[R] Benjamini-Hochberg (BH) Q value (false discovery rate)

David L Carlson dc@r|@on @end|ng |rom t@mu@edu
Wed Mar 6 16:36:49 CET 2019


R is open source so you can look at the code. 
In this case just typing the function name gets it:

> p.adjust
function (p, method = p.adjust.methods, n = length(p)) 
{
    method <- match.arg(method)
    if (method == "fdr") 
        method <- "BH"
    . . . . . Stuff deleted . . . .  
# The code for Benjamini and Hochberg:
    }, BH = {
        i <- lp:1L
        o <- order(p, decreasing = TRUE)
        ro <- order(o)
        pmin(1, cummin(n/i * p[o]))[ro]

# A quick example
p <- c(0.7723, 0.1992, 0.1821, 0.6947, 0.0932, 0.1484, 0.0006, 0.0004)
round(p.adjust(p, method="BH"), 4)
#  [1] 0.7723  0.2656  0.2656  0.7723  0.2485  0.2656  0.0024  0.0024

n <- length(p)
i <- n:1L
o <- order(p, decreasing=TRUE)    # Order from largest to smallest
ro <- order(o)     # Reverse the ordering to return the adjusted values
pmin(1, cummin(n/i * p[o]))[ro]   # Compute the adjusted value

The adjustment orders the p-values from largest to smallest and multiplies them by n/i, in this case

> n/i
[1] 1.000000 1.142857 1.333333 1.600000 2.000000 2.666667 4.000000 8.000000

So the largest is multiplied by 1 and the smallest by 8.
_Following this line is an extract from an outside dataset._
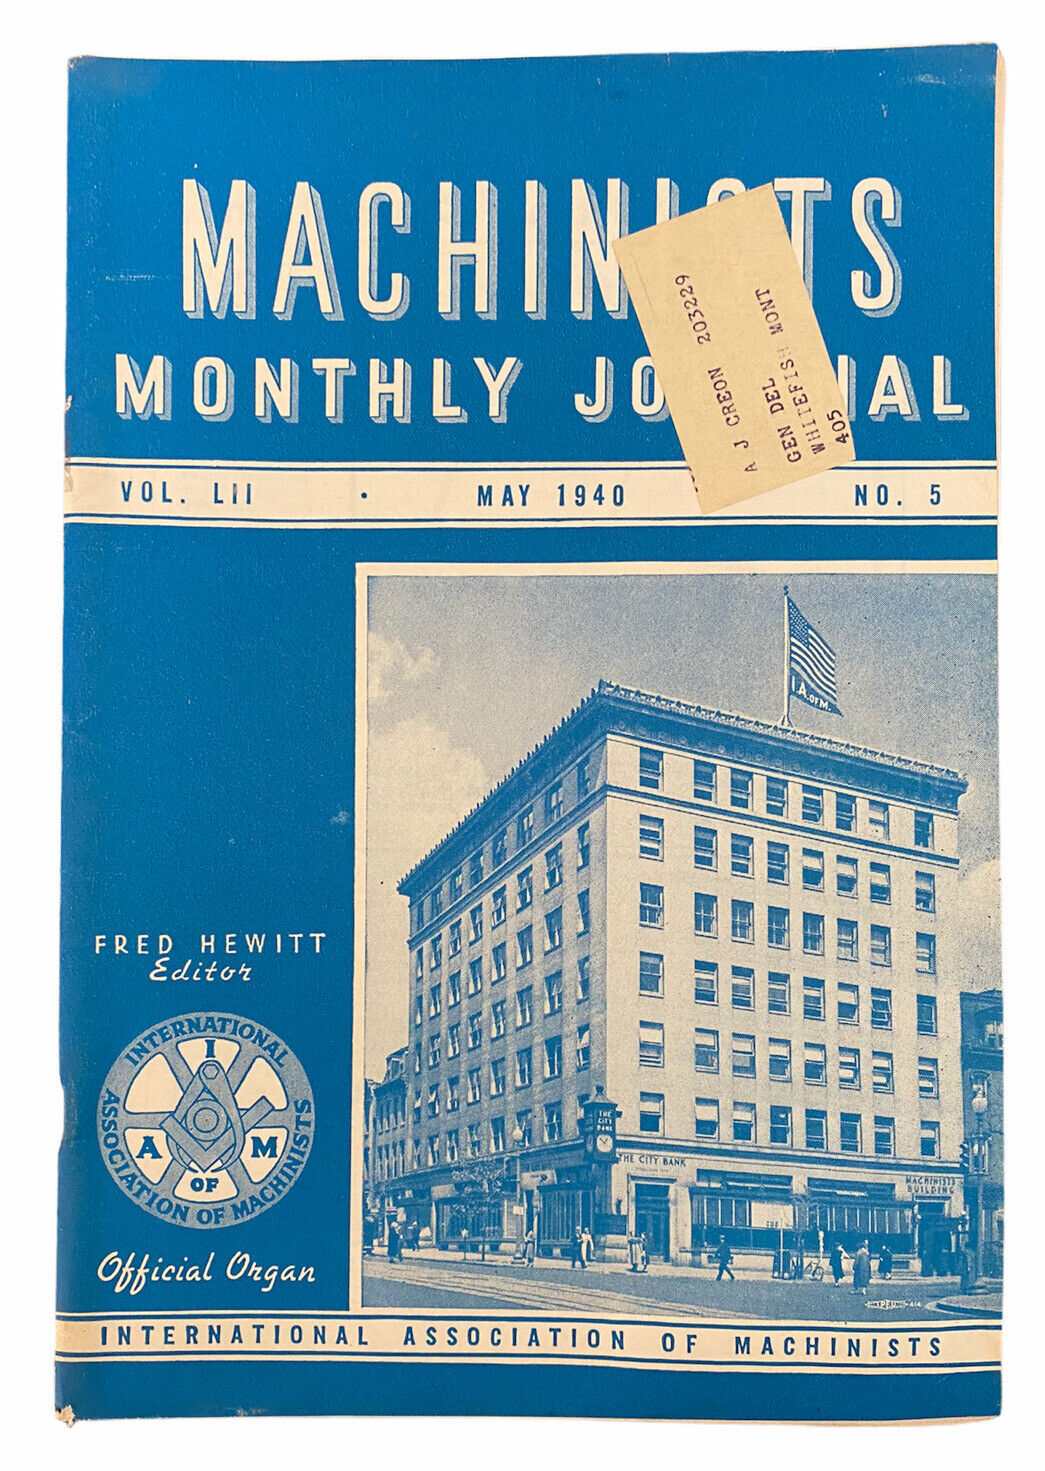 International Association of Machinists Monthly Journal Magazine May 1940
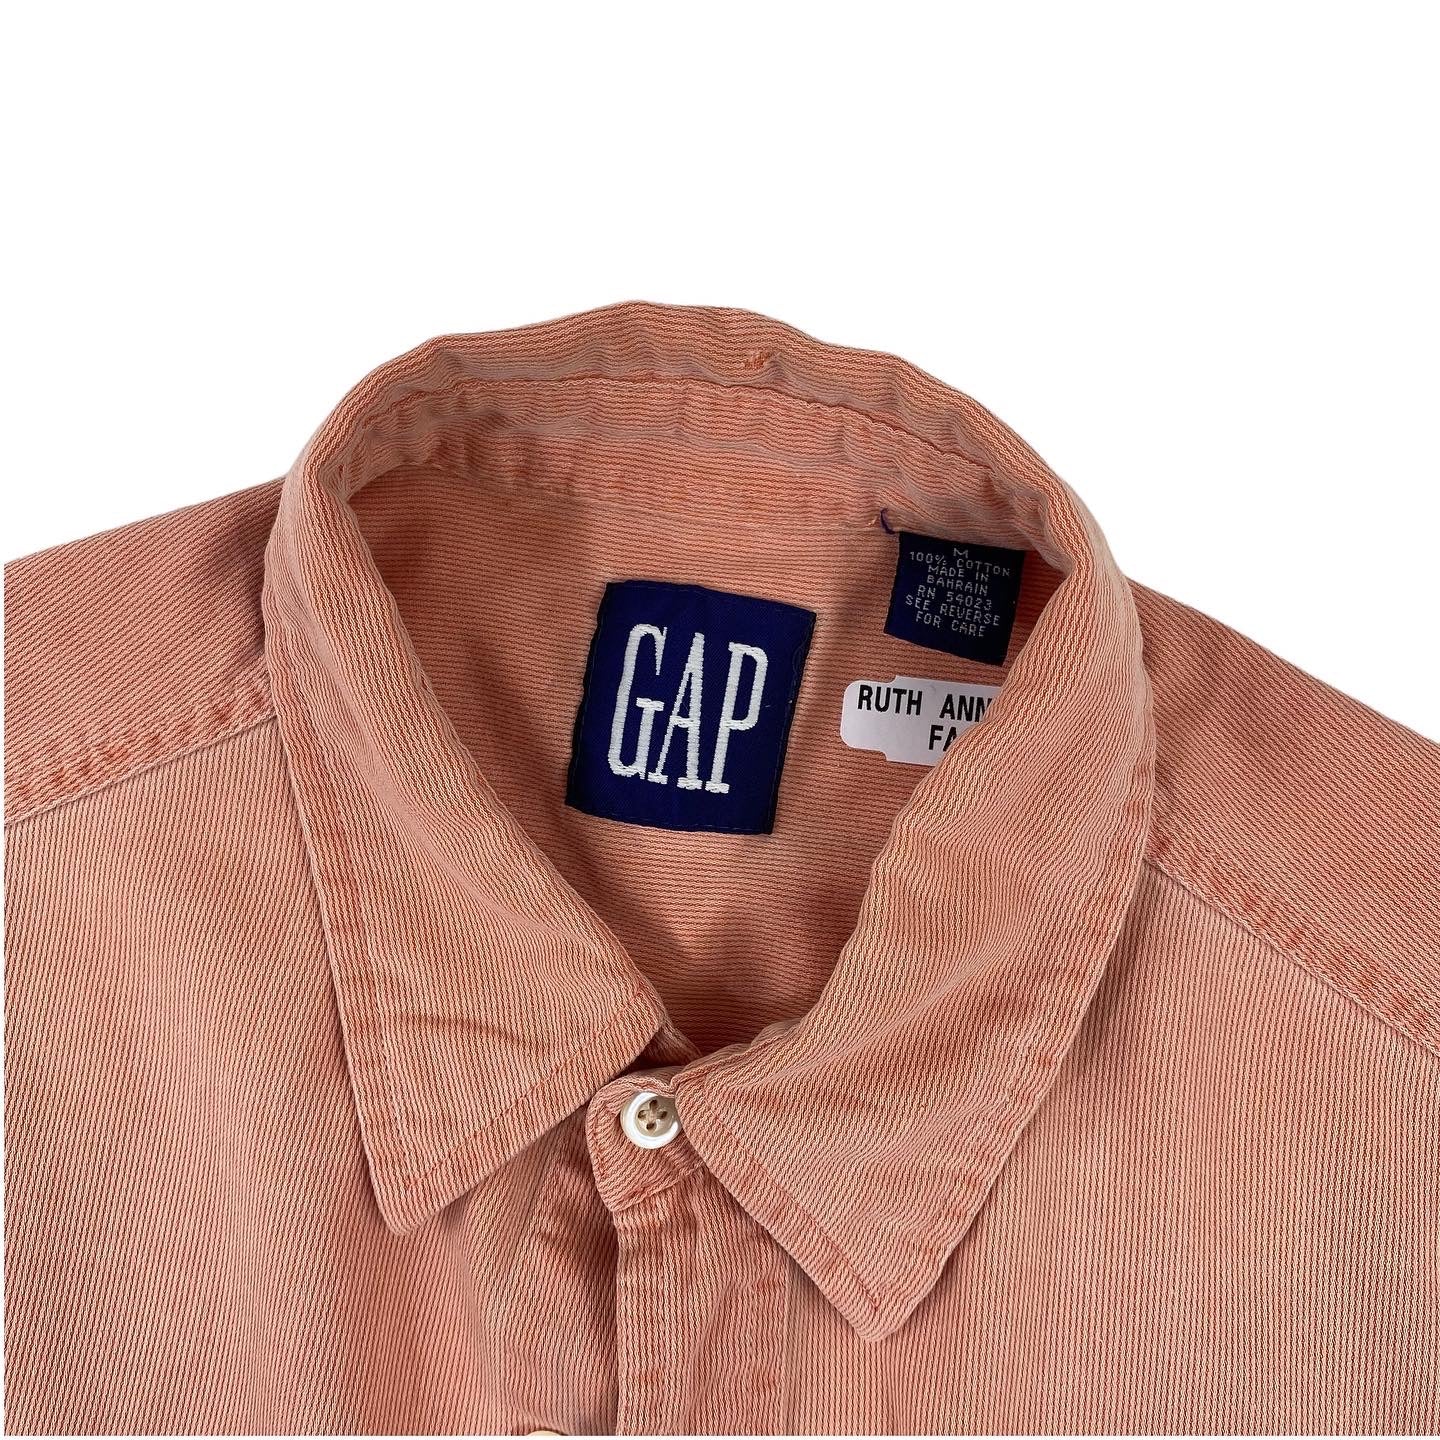 Peach Gap button up shirt. medium

Then cummin() takes the cumulative minimum so that the multiplication does not change the decreasing order of the values. In this example the last value is the same as the second to last instead of 8 times the original value (.0032). The pmin() function ensures that the adjusted value never exceeds 1.

----------------------------------------
David L Carlson
Department of Anthropology
Texas A&M University
College Station, TX 77843-4352


-----Original Message-----
From: R-help <r-help-bounces using r-project.org> On Behalf Of David Bars
Sent: Wednesday, March 6, 2019 3:16 AM
To: r-help using r-project.org
Subject: [R] Benjamini-Hochberg (BH) Q value (false discovery rate)

Dear everybody,

I'm using stats package (version 3.5.2) and in detail their p.adjust()
function in order to control the false discovery rate in multiple
comparisons. In particular I used the Benjamini-Hochberg method.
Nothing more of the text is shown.